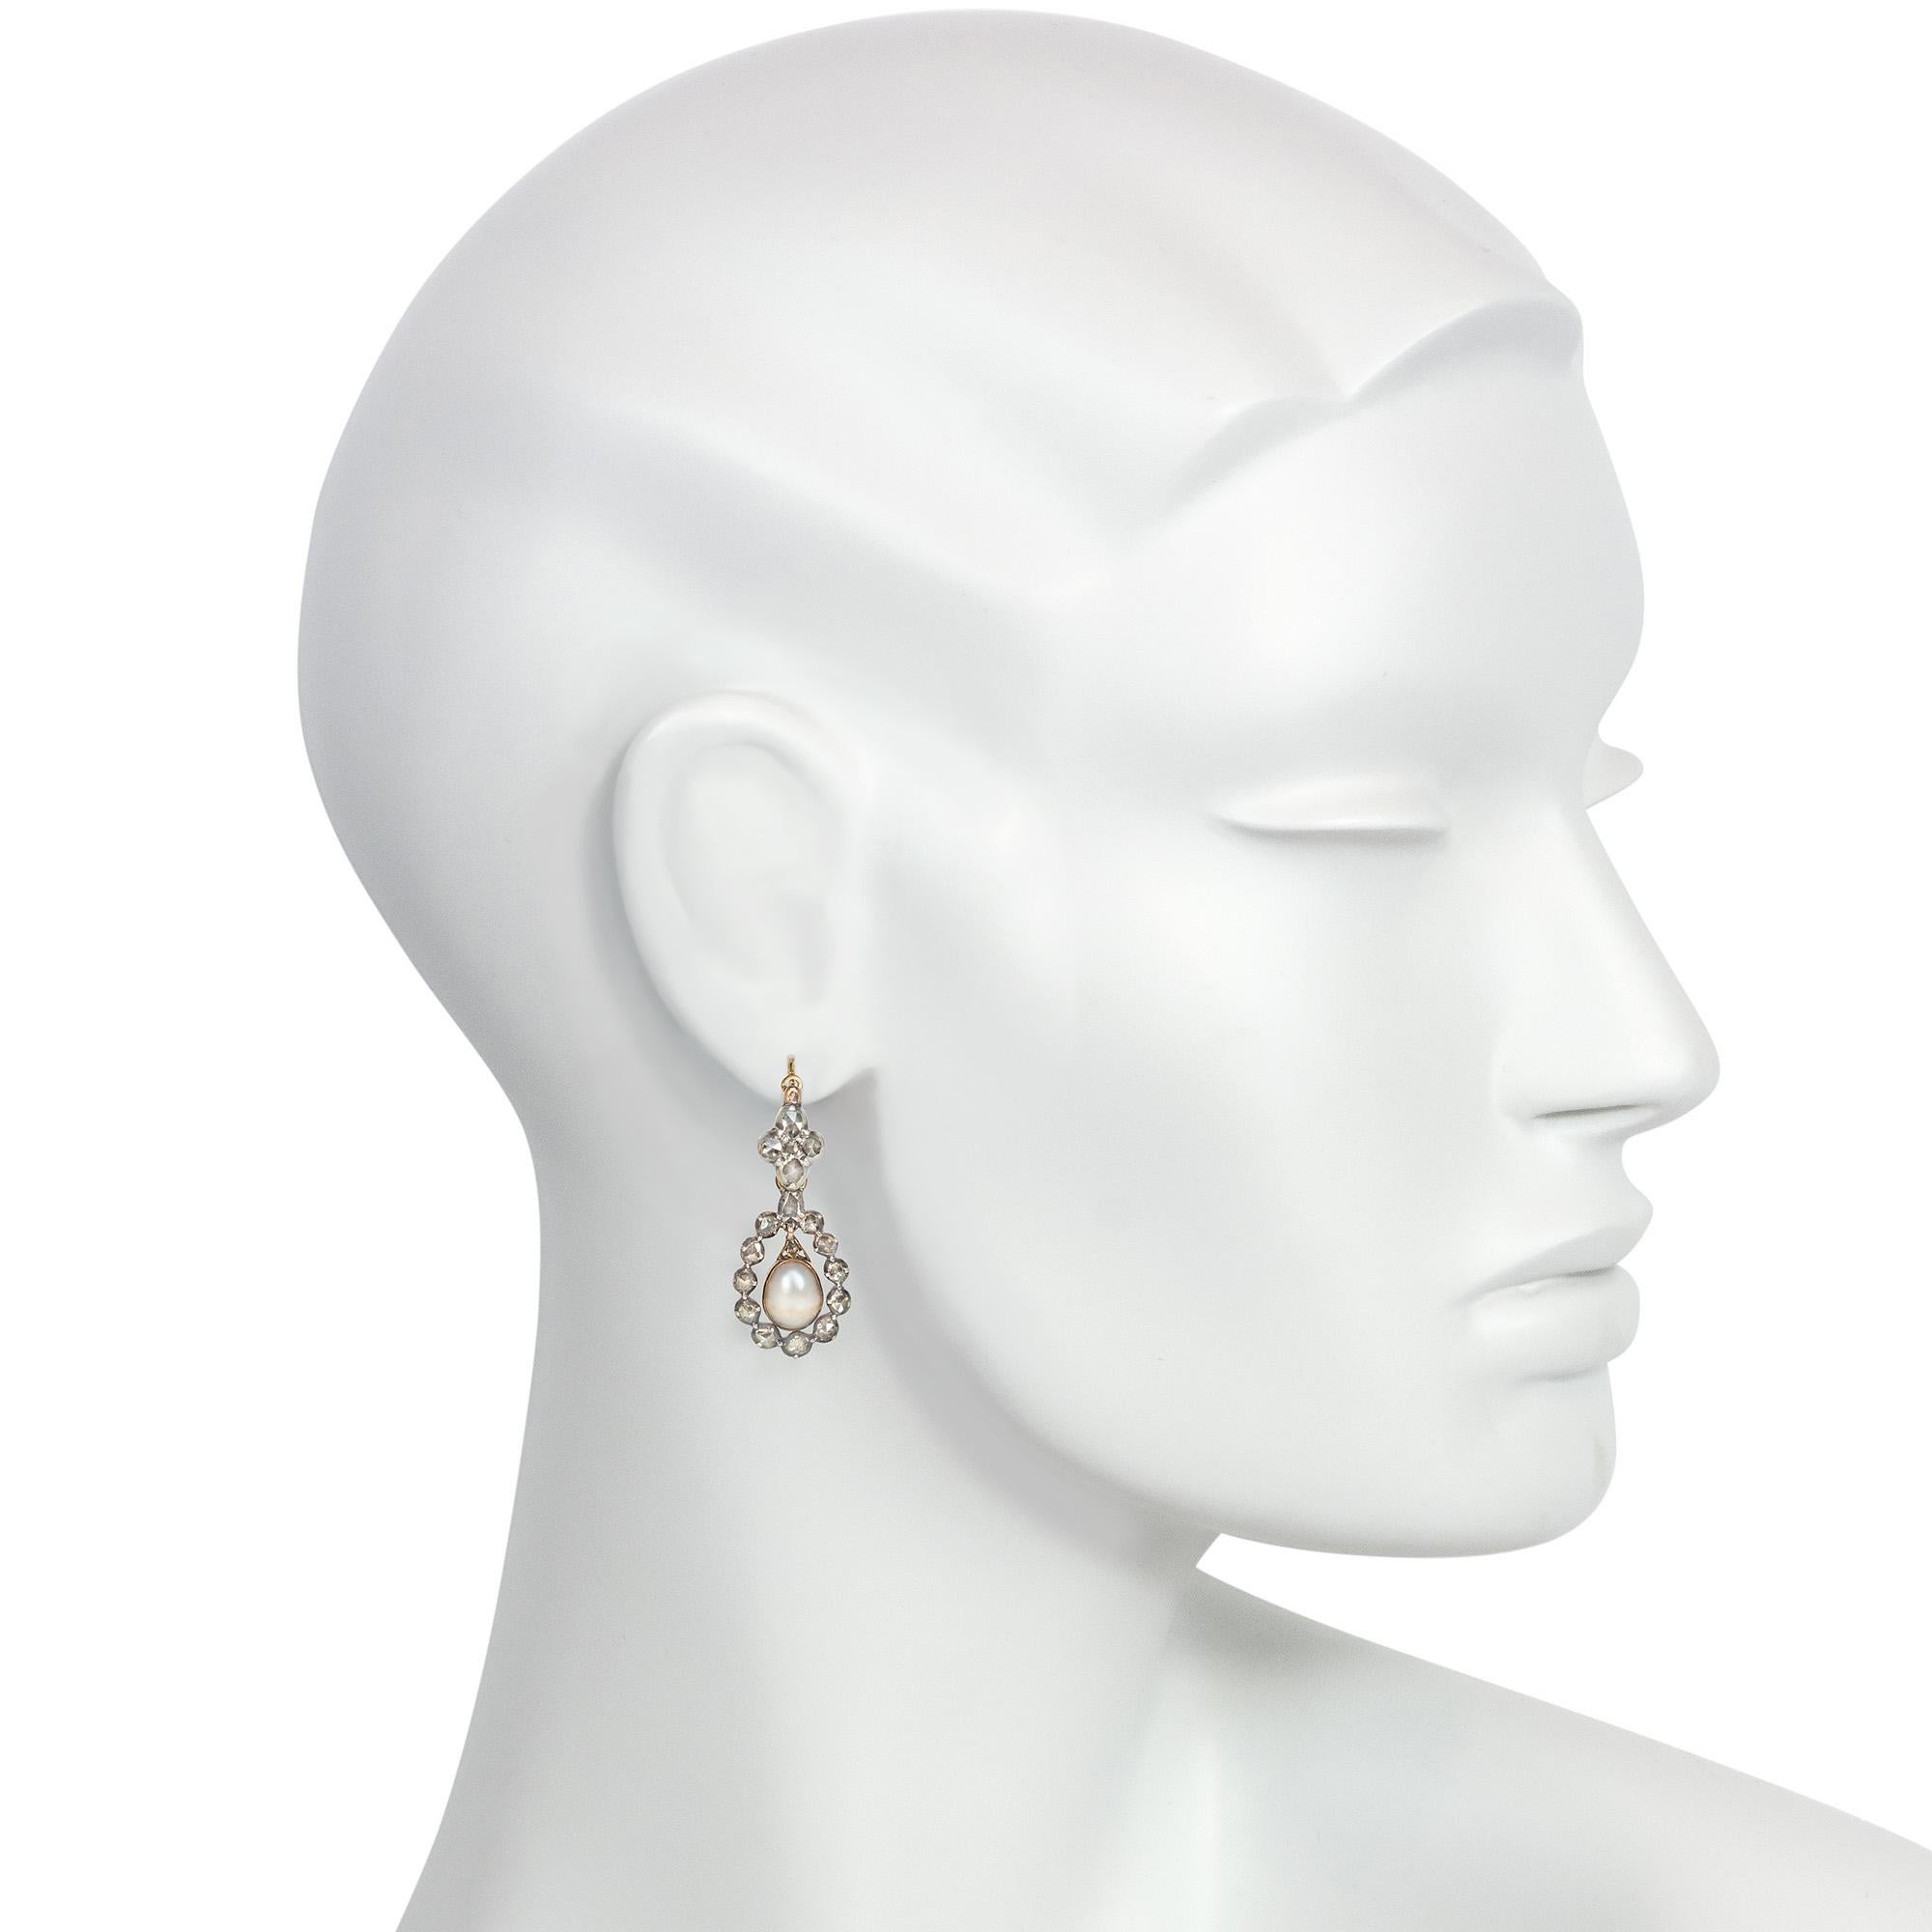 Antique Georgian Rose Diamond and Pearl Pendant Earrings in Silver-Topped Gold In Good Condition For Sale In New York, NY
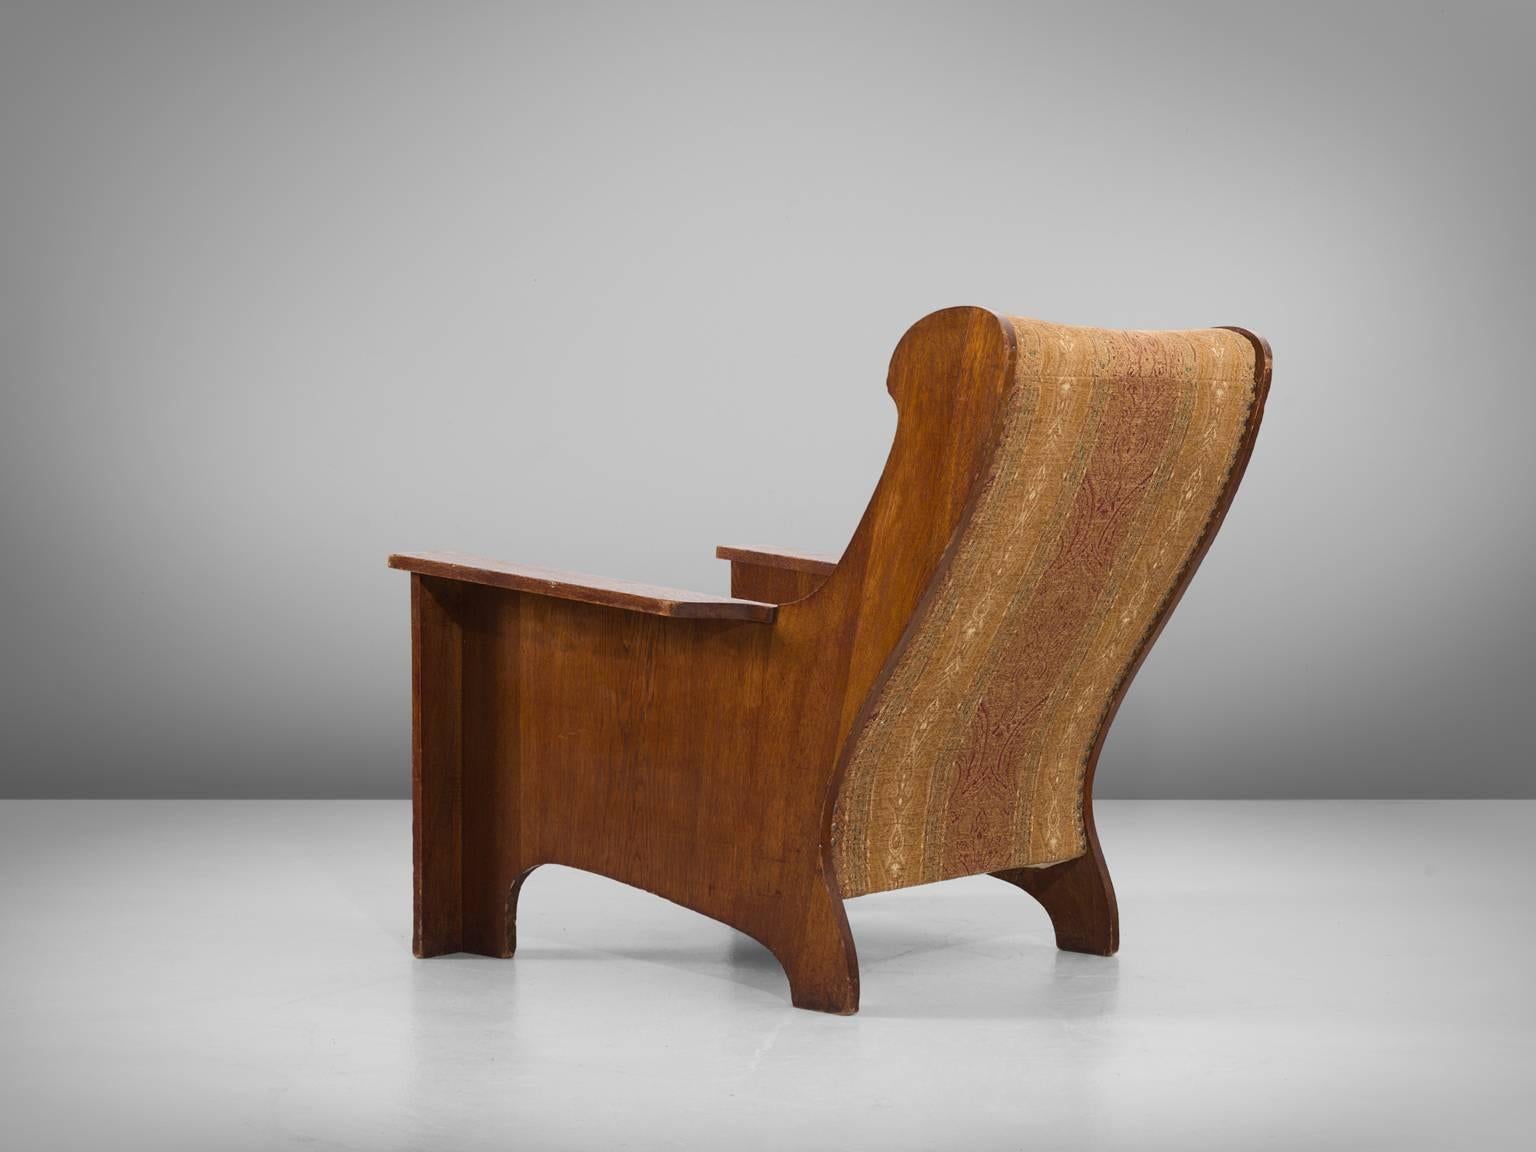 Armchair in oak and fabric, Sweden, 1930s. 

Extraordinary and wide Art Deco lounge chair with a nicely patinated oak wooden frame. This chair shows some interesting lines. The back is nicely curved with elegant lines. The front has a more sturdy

▶ **ASSIGNMENT**
A faithful transcription of the material, with no pictures, is the expected result.

▶ **EXERCISE RESPONSE**
 Antique Georgian Rose Diamond and Pearl Pendant Earrings in Silver-Topped Gold In Good Condition For Sale In New York, NY
 Armchair in oak and fabric, Sweden, 1930s. 

Extraordinary and wide Art Deco lounge chair with a nicely patinated oak wooden frame. This chair shows some interesting lines. The back is nicely curved with elegant lines. The front has a more sturdy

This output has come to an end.